“Now all these things happened unto them for ensamples: and they are written for our admonition, upon whom the end of the world is come.”

This verse is the summary of all the foregoing examples; a fact which leads us to prefer the reading of the Sinaït. and of the Greco-Lats., which preserves and even places foremost the word πάντα, all.

The two readings τύποι, “as types,” and τυπικῶς, typically, have the same meaning; but the second is to be preferred, first, because it is read in MSS. of the three families; and next because the word τυπικῶς occurs nowhere else. The substantive τύποι has probably come from 1 Corinthians 10:6.

Of the two readings συνέβαινον and συνέβαινεν, the first goes better with τύποι, the second with τυπικῶς.

The apostle does not mean that these facts did not really happen, as has been insinuated, but that they had a bearing beyond their immediate signification.
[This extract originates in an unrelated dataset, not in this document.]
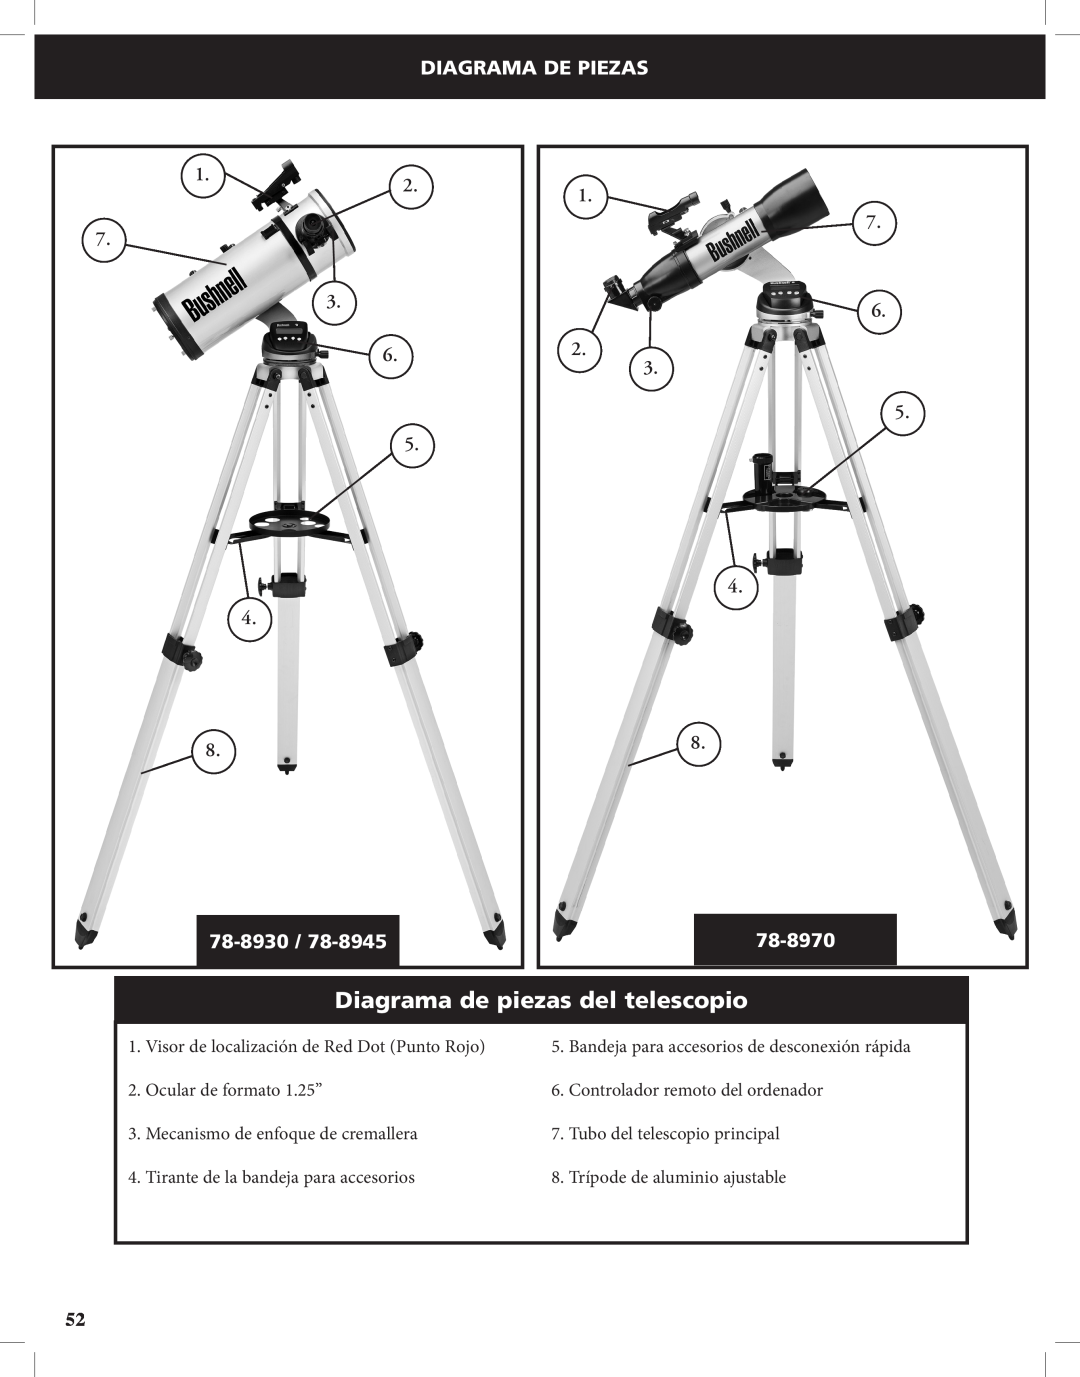 Bushnell Discoverer Diagrama de piezas del telescopio, Diagrama De Piezas, 1.2 7 3 6 5 4 8, 1 7 6 2 3 5 4 8, 78-8930

The Scripture compilation of the facts of sacred history has the same end as the history itself. The same God who directed the latter willed that it should be committed to writing with a view to those who should live in the final epoch of the world, and for whom those facts, without Scripture, would be as though they were not.
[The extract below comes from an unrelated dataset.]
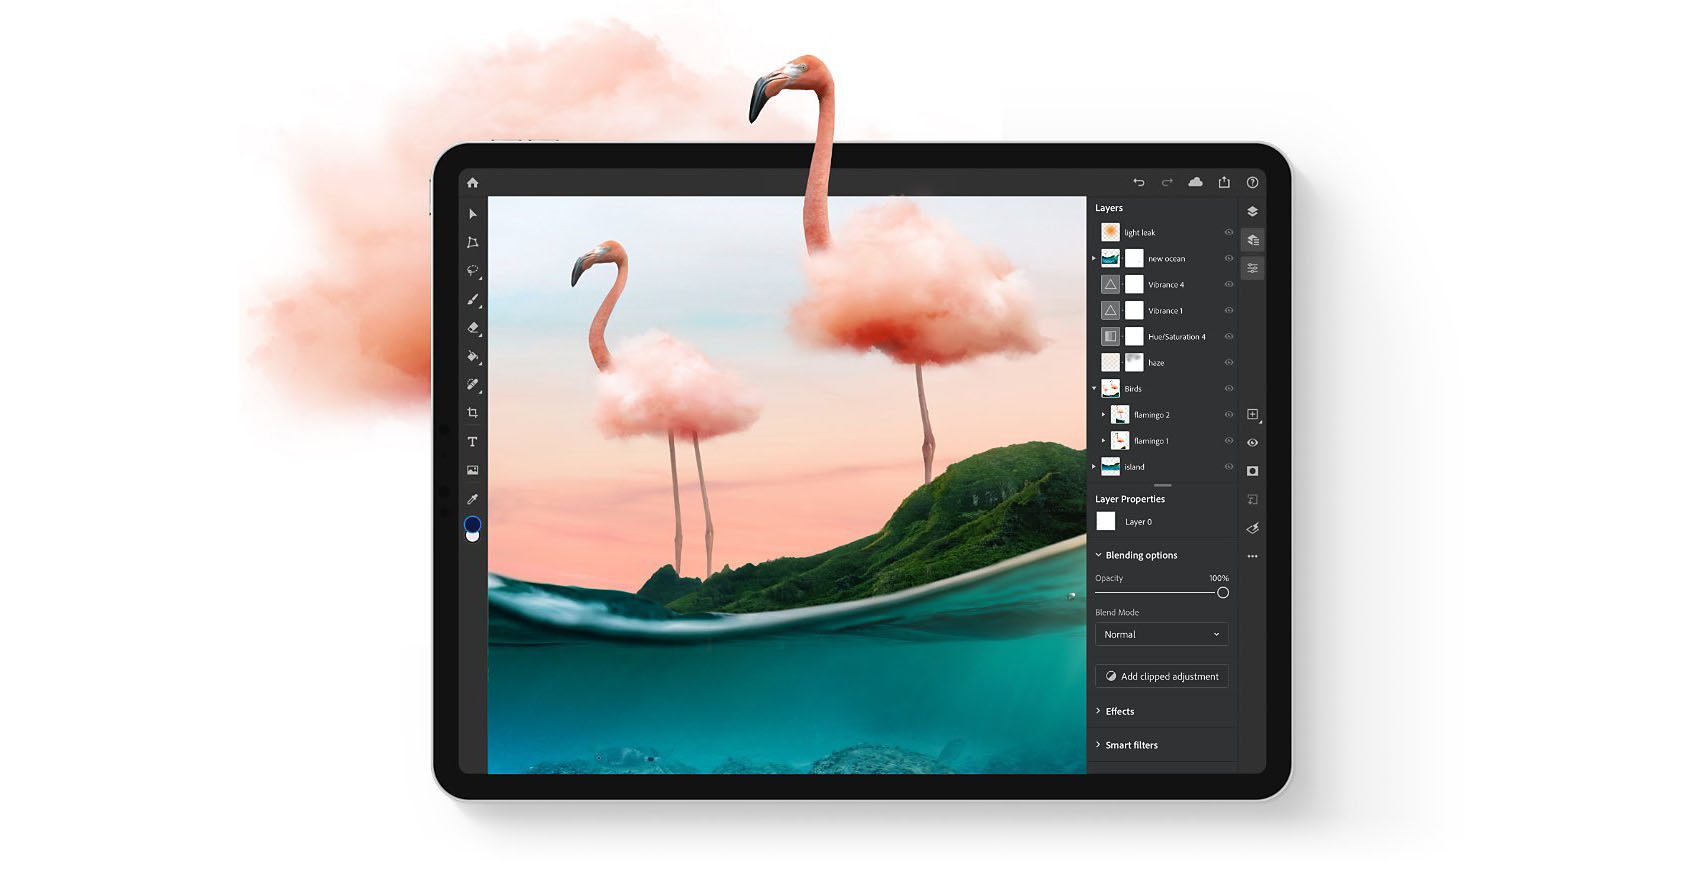 برنامج 18 أغسطس 2021 0 تعليقات Photoshop: يضيف Adobe ميزة لم يتم تفويتها منذ فترة طويلة لجهاز iPad

The word νουθεσία signifies: rebuke, correction, 2 Timothy 3:16-17. This is what the Corinthians needed at that time.

Τὰ τέλη τῶν αἰώνων, literally the ends of the ages, is a term corresponding to the acharith hajjamim, the end of the days, in the prophets; comp. the expressions the last times (1Pe 1:20), and the last hour (1Jn 2:18). It is the dispensation of the Messiah which for us falls into two periods, confounded in one in the view of the prophets, that of His purely spiritual kingdom and that of His kingdom of glory. Paul is here speaking of the former. The ages, αἰῶνες, denote the whole series of historical periods, and the term “ the ends of the ages,” shows that the Messianic period itself will contain a series of phases.
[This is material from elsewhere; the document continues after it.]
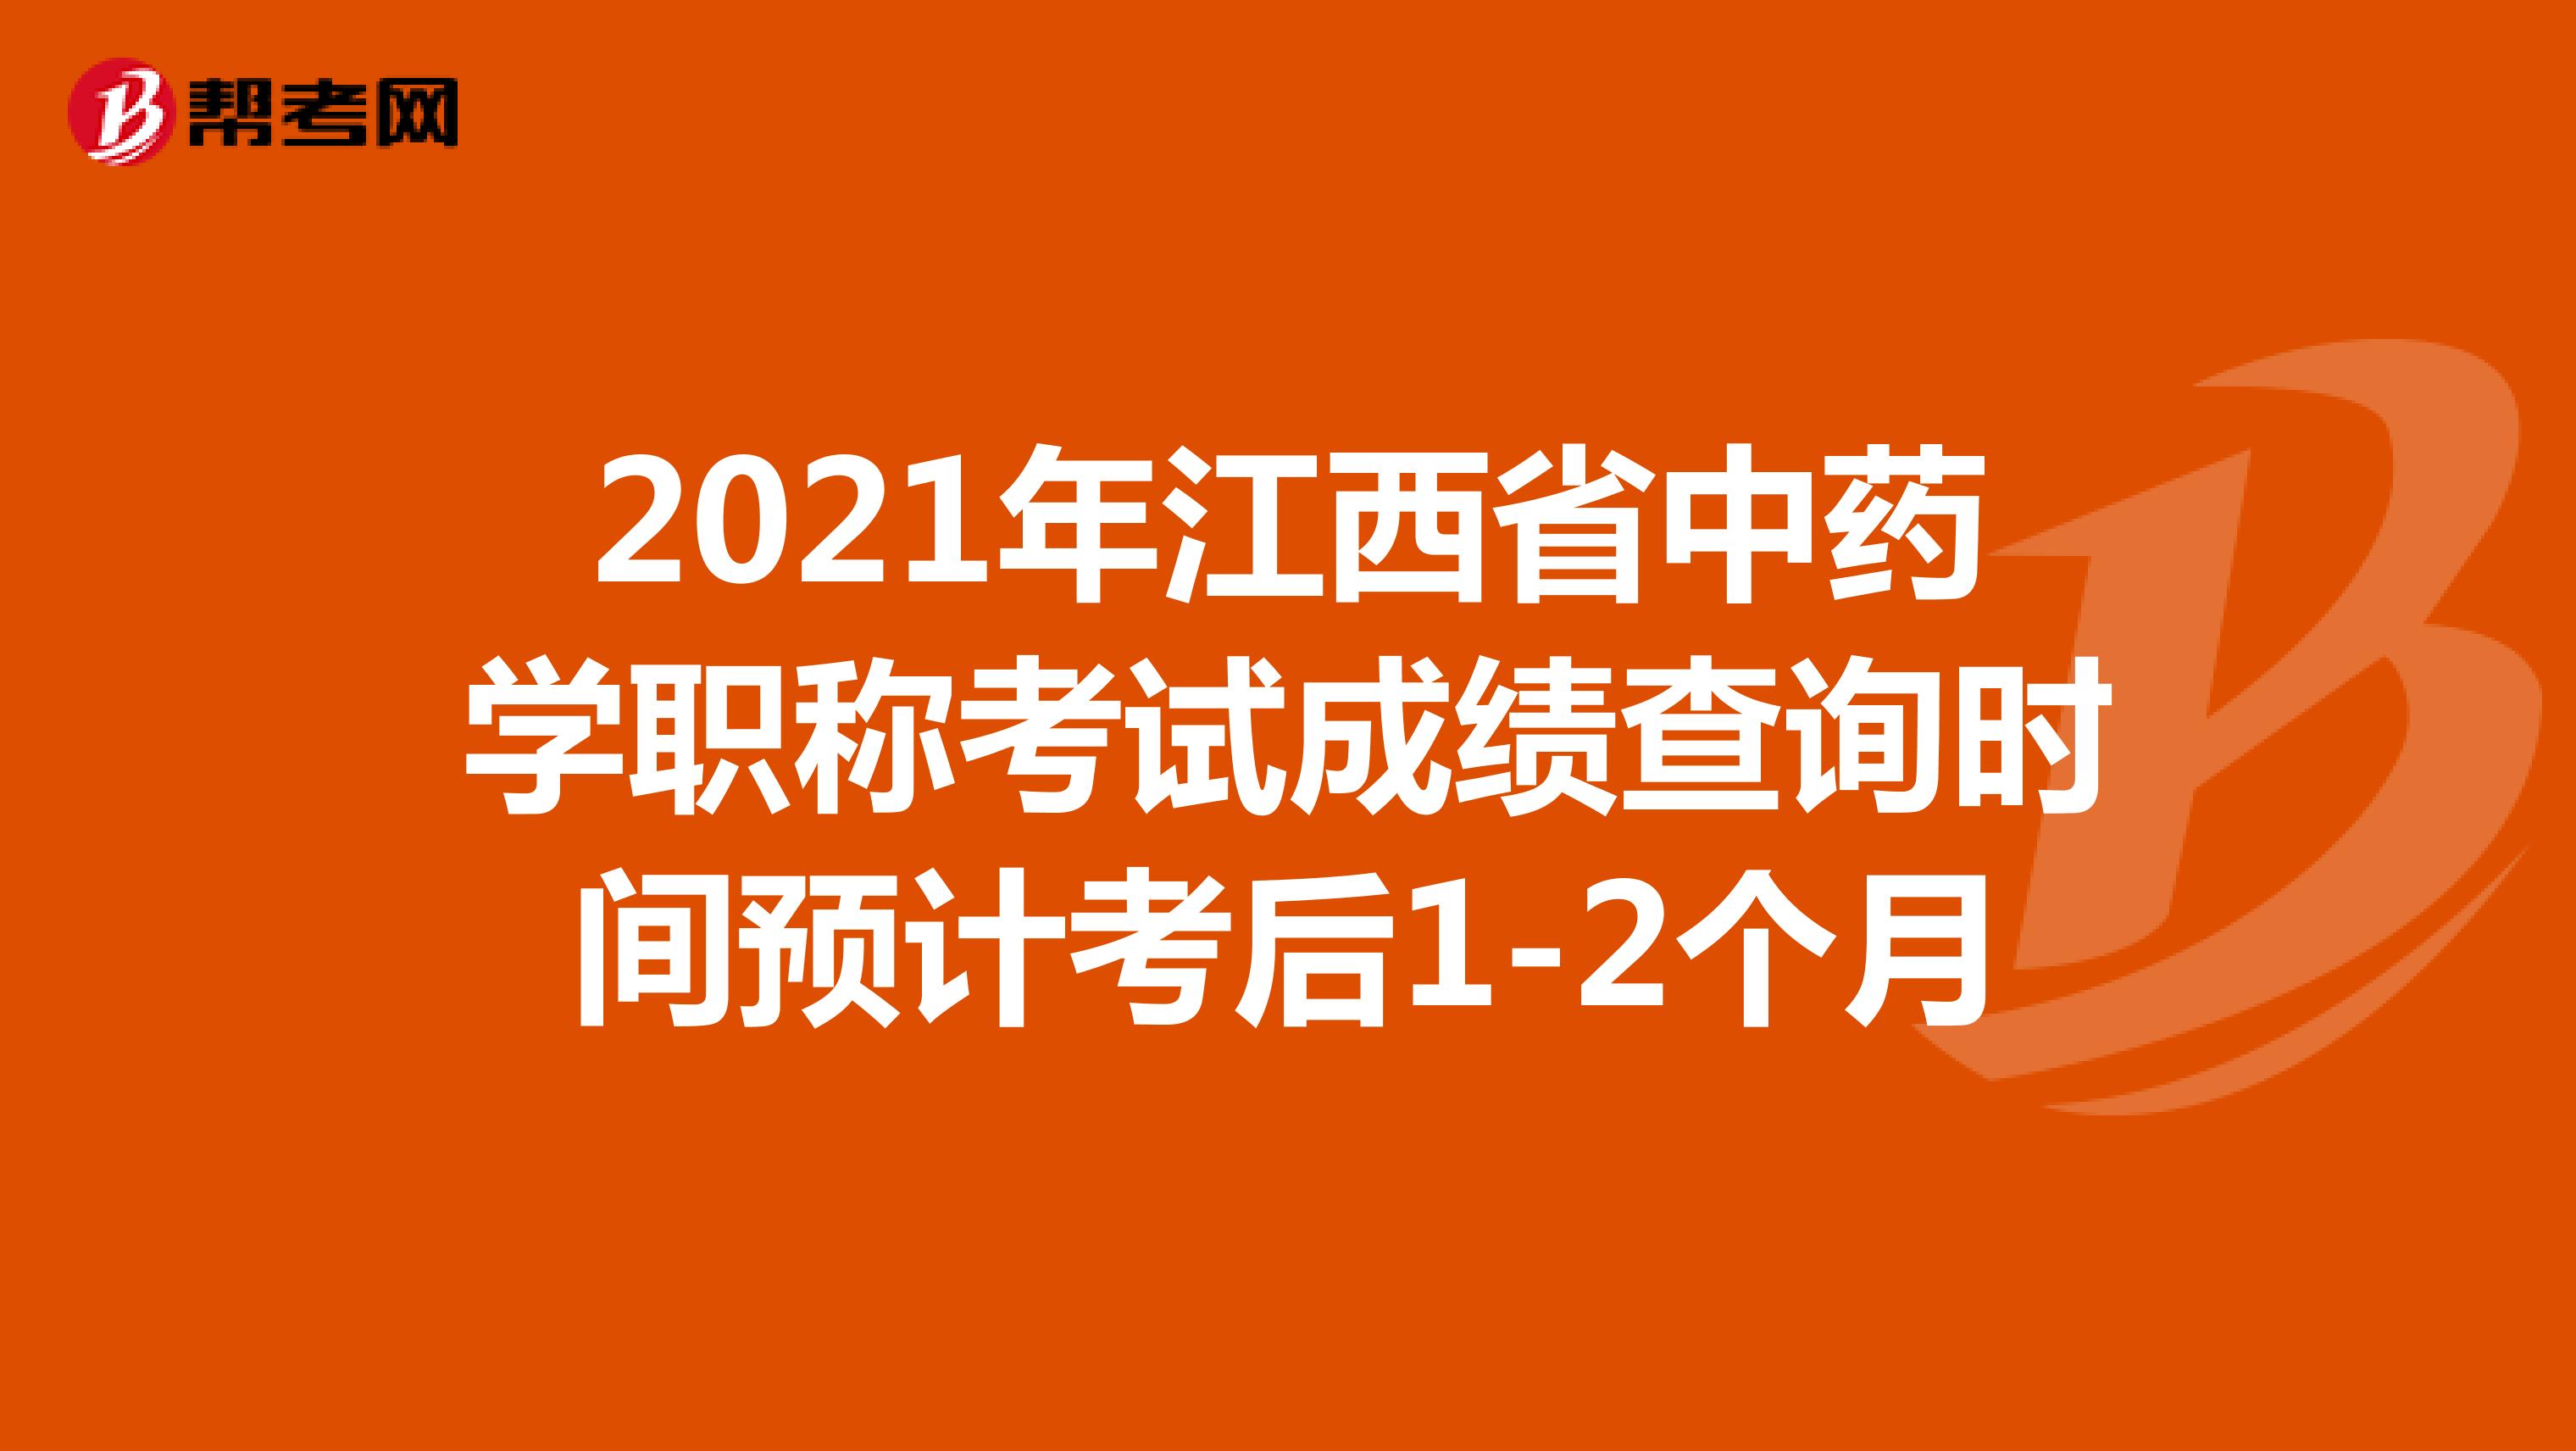 2021年江西省中药学职称考试成绩查询时间预计考后1-2个月

The verb καταντᾷν, to meet, represents the ages which follow one another in the final dispensation, as coming to meet the living. We must prefer the perfect κατήντηκεν of the Alex. reading to the aorist of the T. R.; Paul does not mean to speak of the meeting itself, but of the whole state of things constituted by this constant approach of the end. This final period is the most solemn of all, for it is during its course that the laws of the Divine kingdom, imperfectly manifested in former periods, display their conclusive effects. Formerly blessings and judgments, all have only a provisional and figurative character. With the final period of history, everything, whether for weal or woe, takes a decisive, eternal value. This is why everything which happened in former times took place with a view to us to whose lot it has fallen to live at this last hour (ἡμῶν εἰς οὕς).

The apostle did not himself know the duration of this final period, which in his mind coincided with the development of the Church; but the phrase: the ends of the ages, shows that he did not regard it as so short as is commonly alleged; see on 1 Corinthians 7:29.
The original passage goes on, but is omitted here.